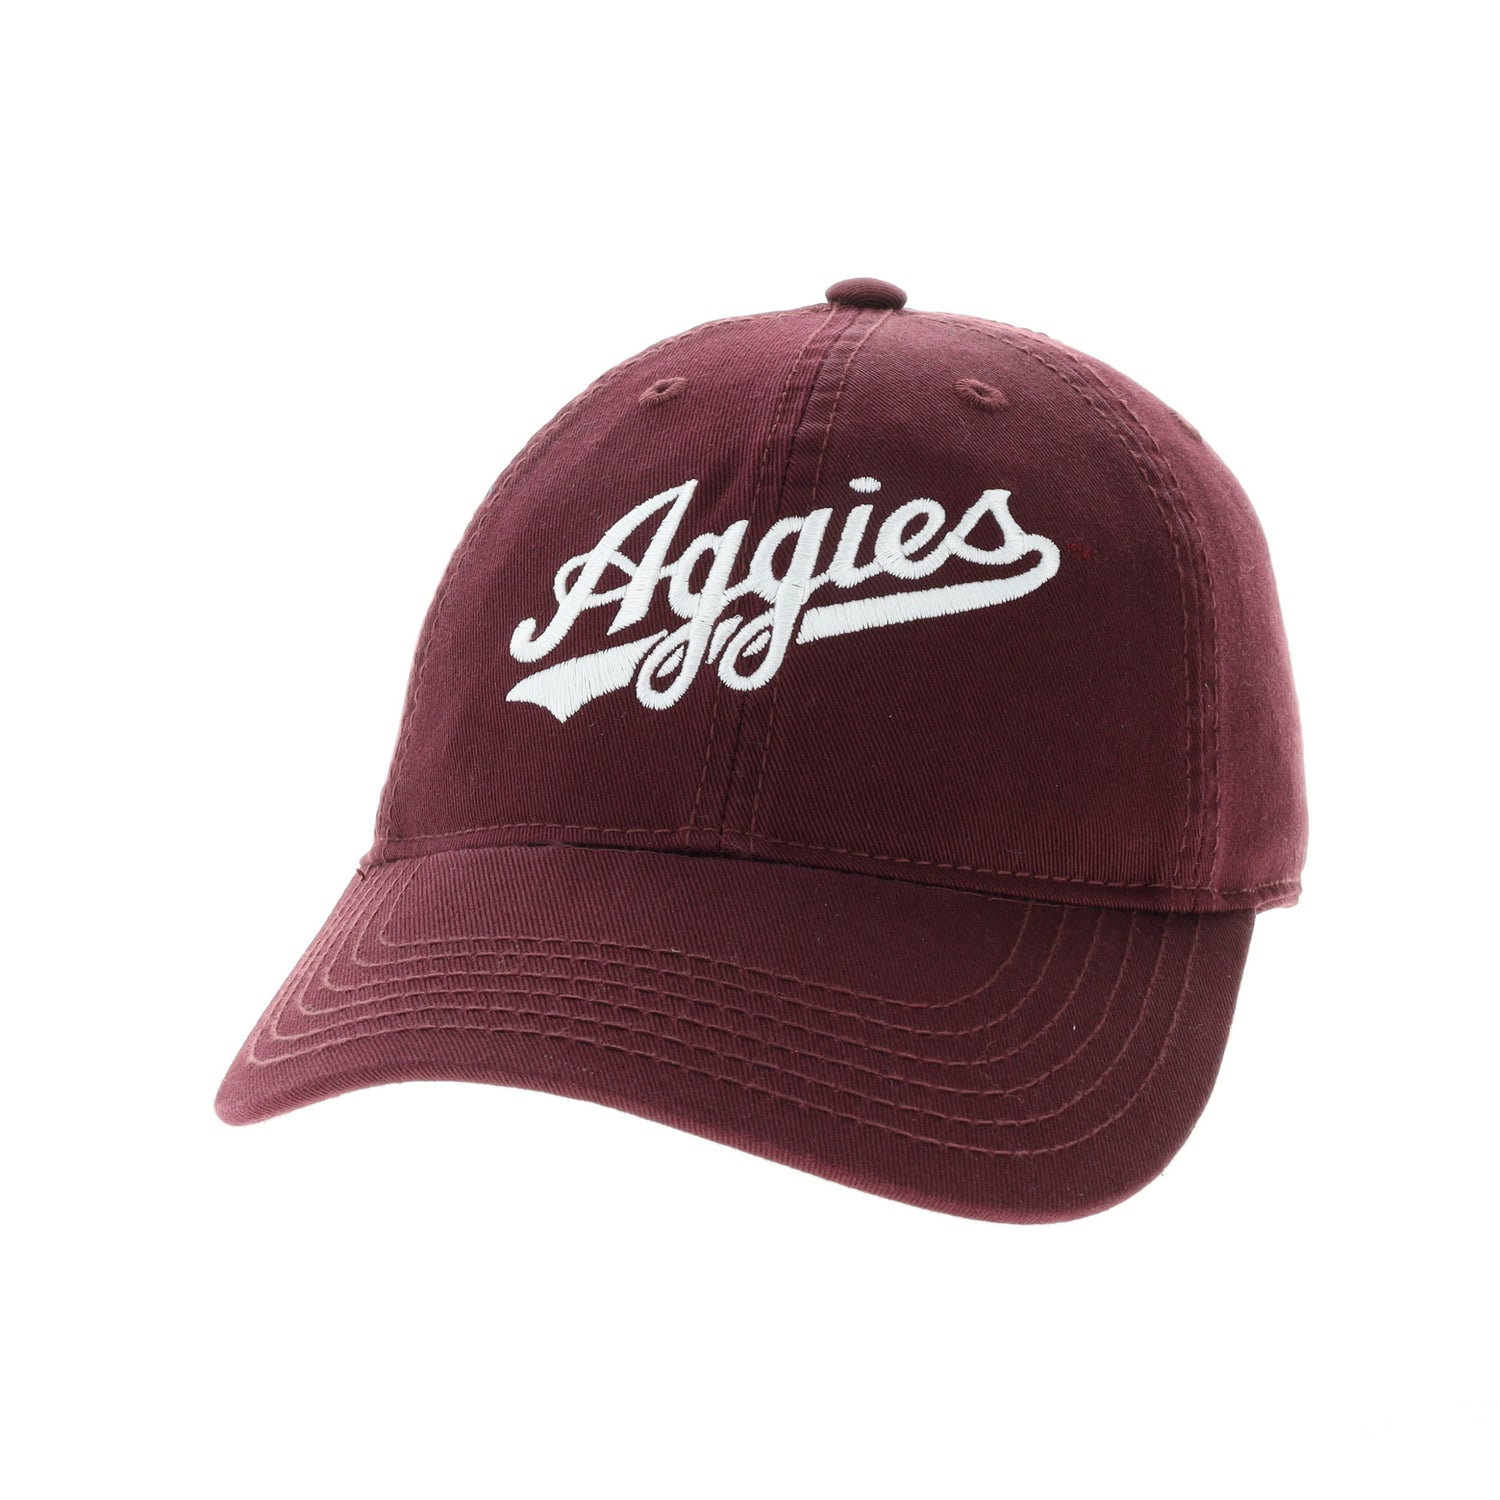 Aggies Legacy 717 Youth Baseball Hat
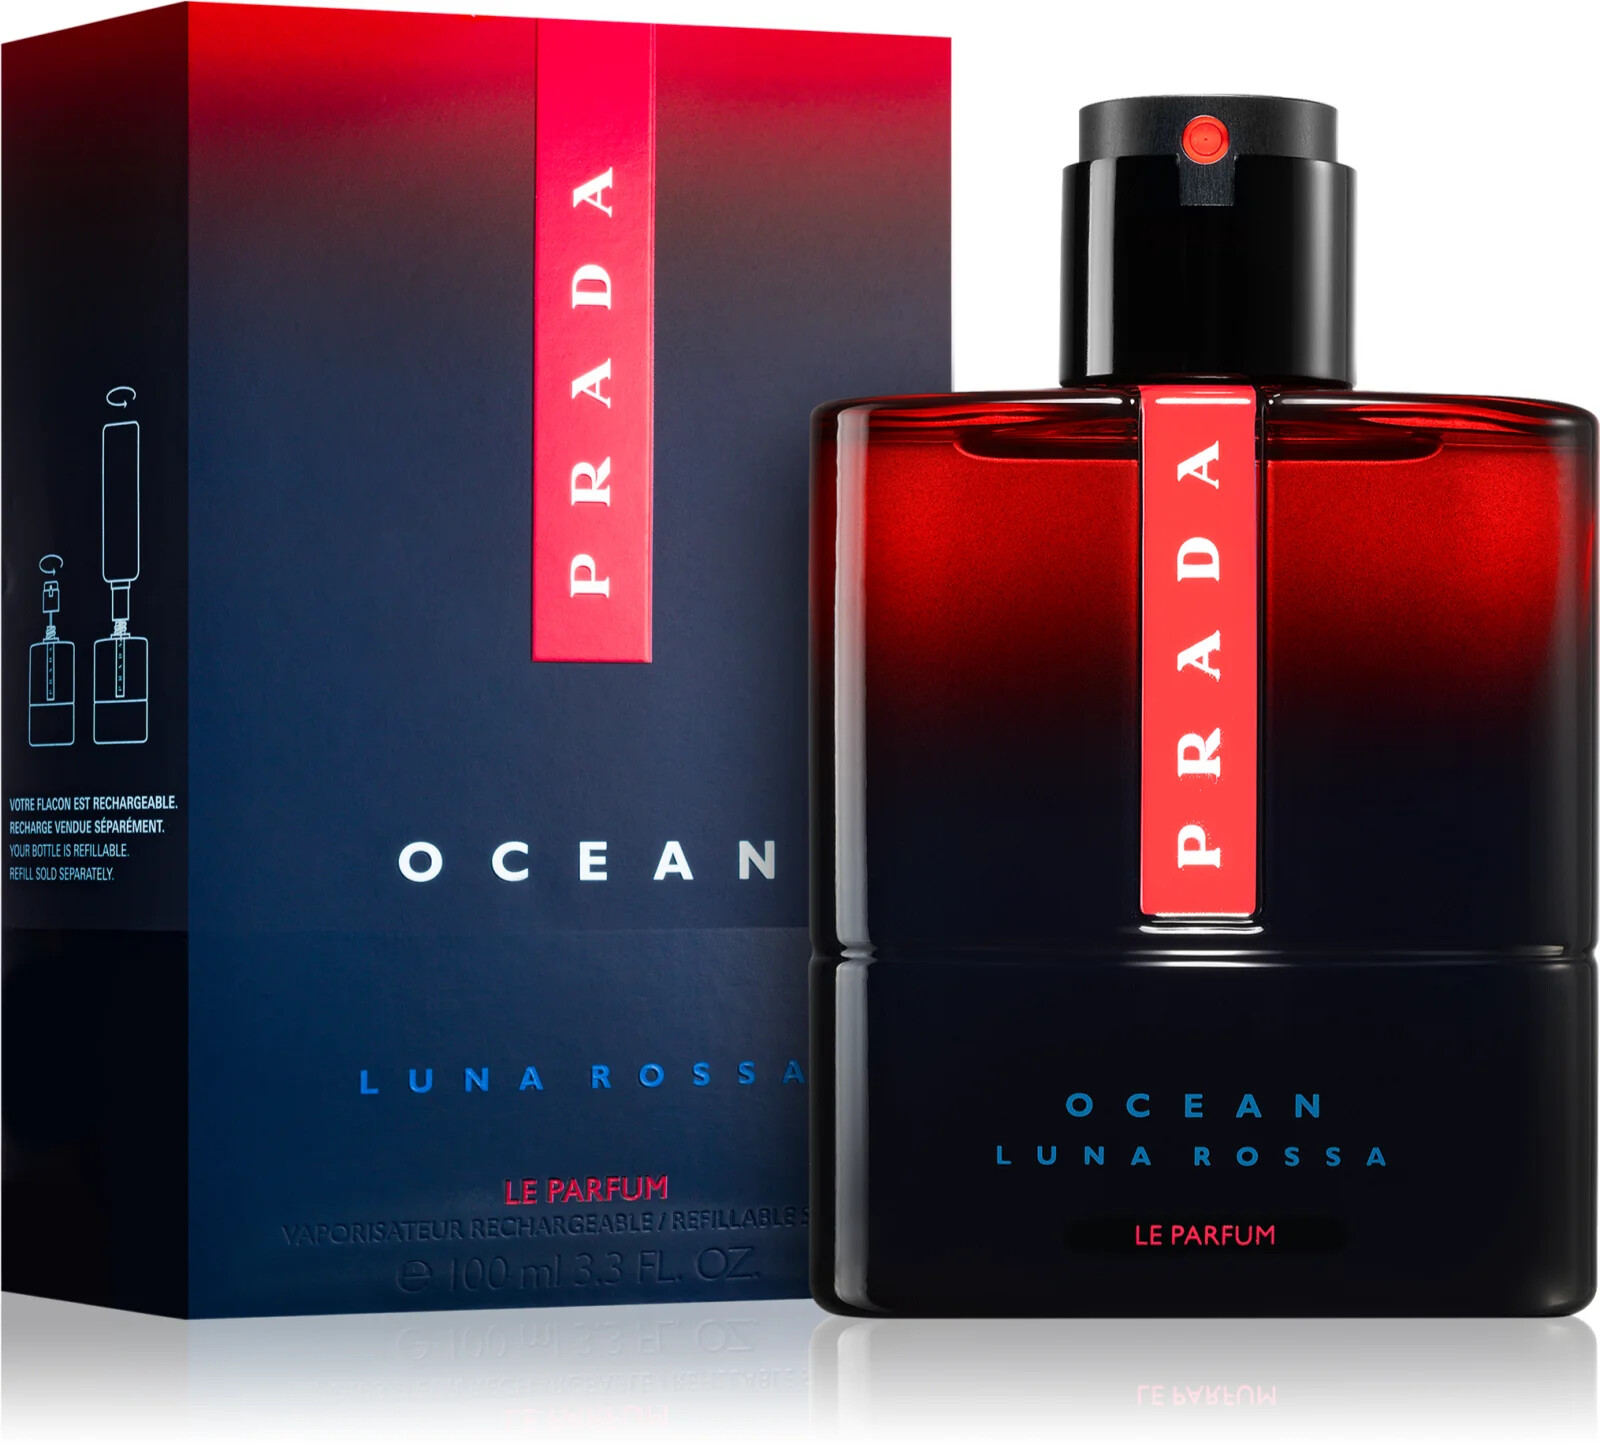 Prada Luna Rossa Ocean Le Parfum parfém pro muže 100 ml
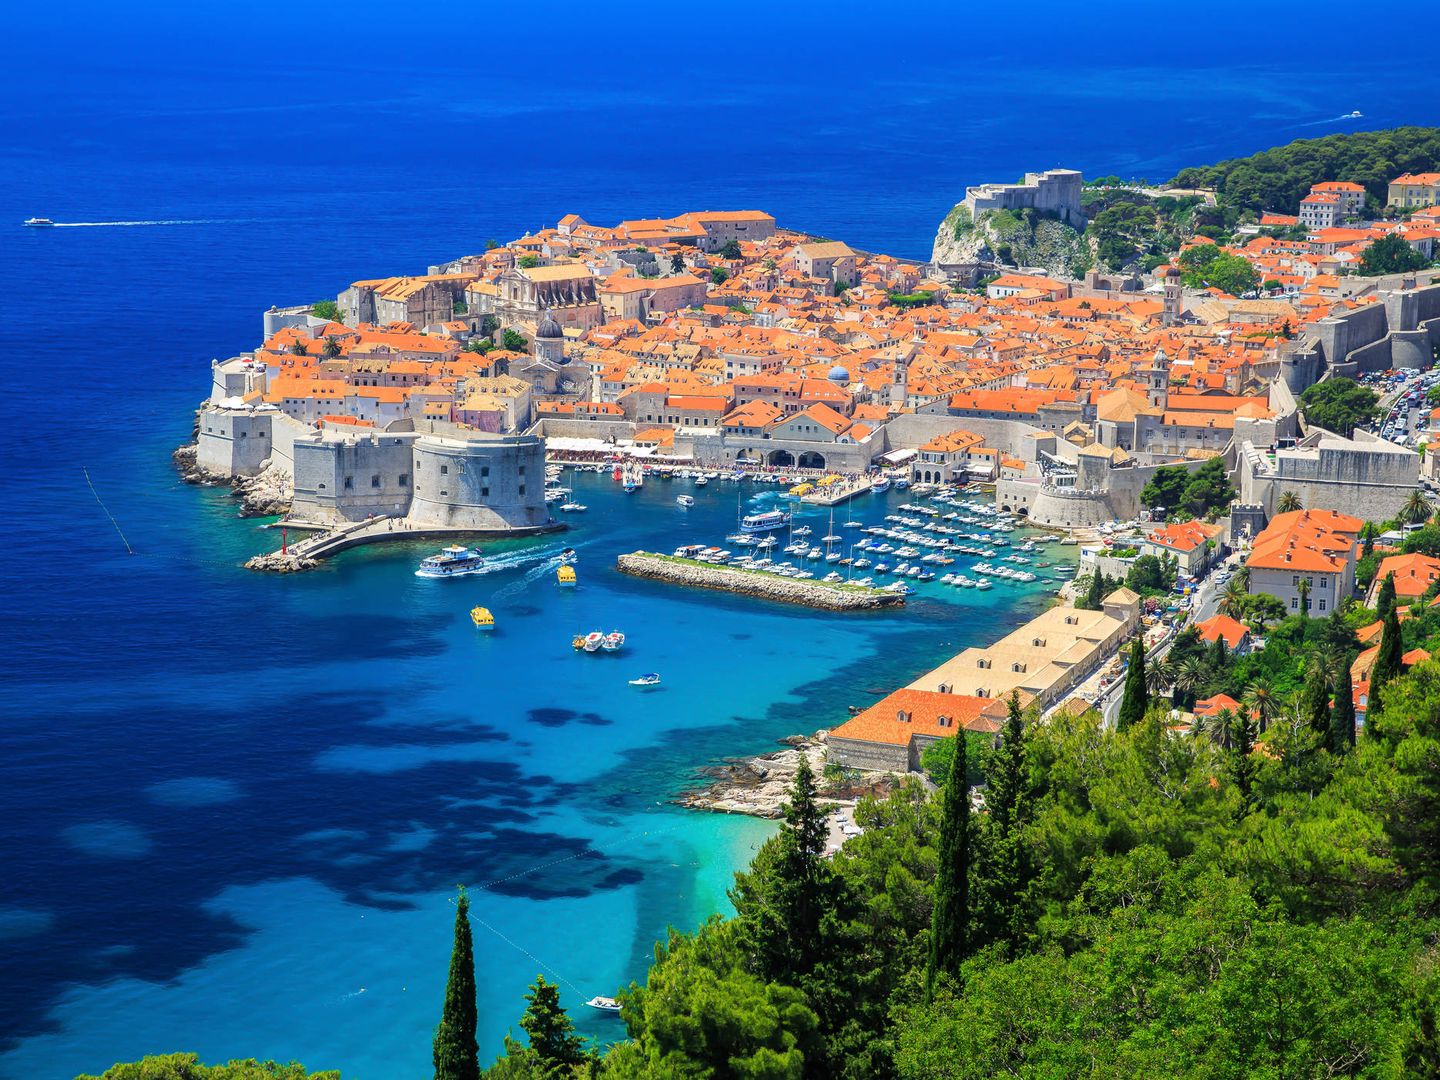 Dubrovnik. (iStock)

++++

Write each line exactly as it appears, from the line that holds "Prada Luna Rossa" through the closing line of the data above, and leave every picture out.

 Prada Luna Rossa Ocean Le Parfum parfém pro muže 100 ml
 Dubrovnik. (iStock)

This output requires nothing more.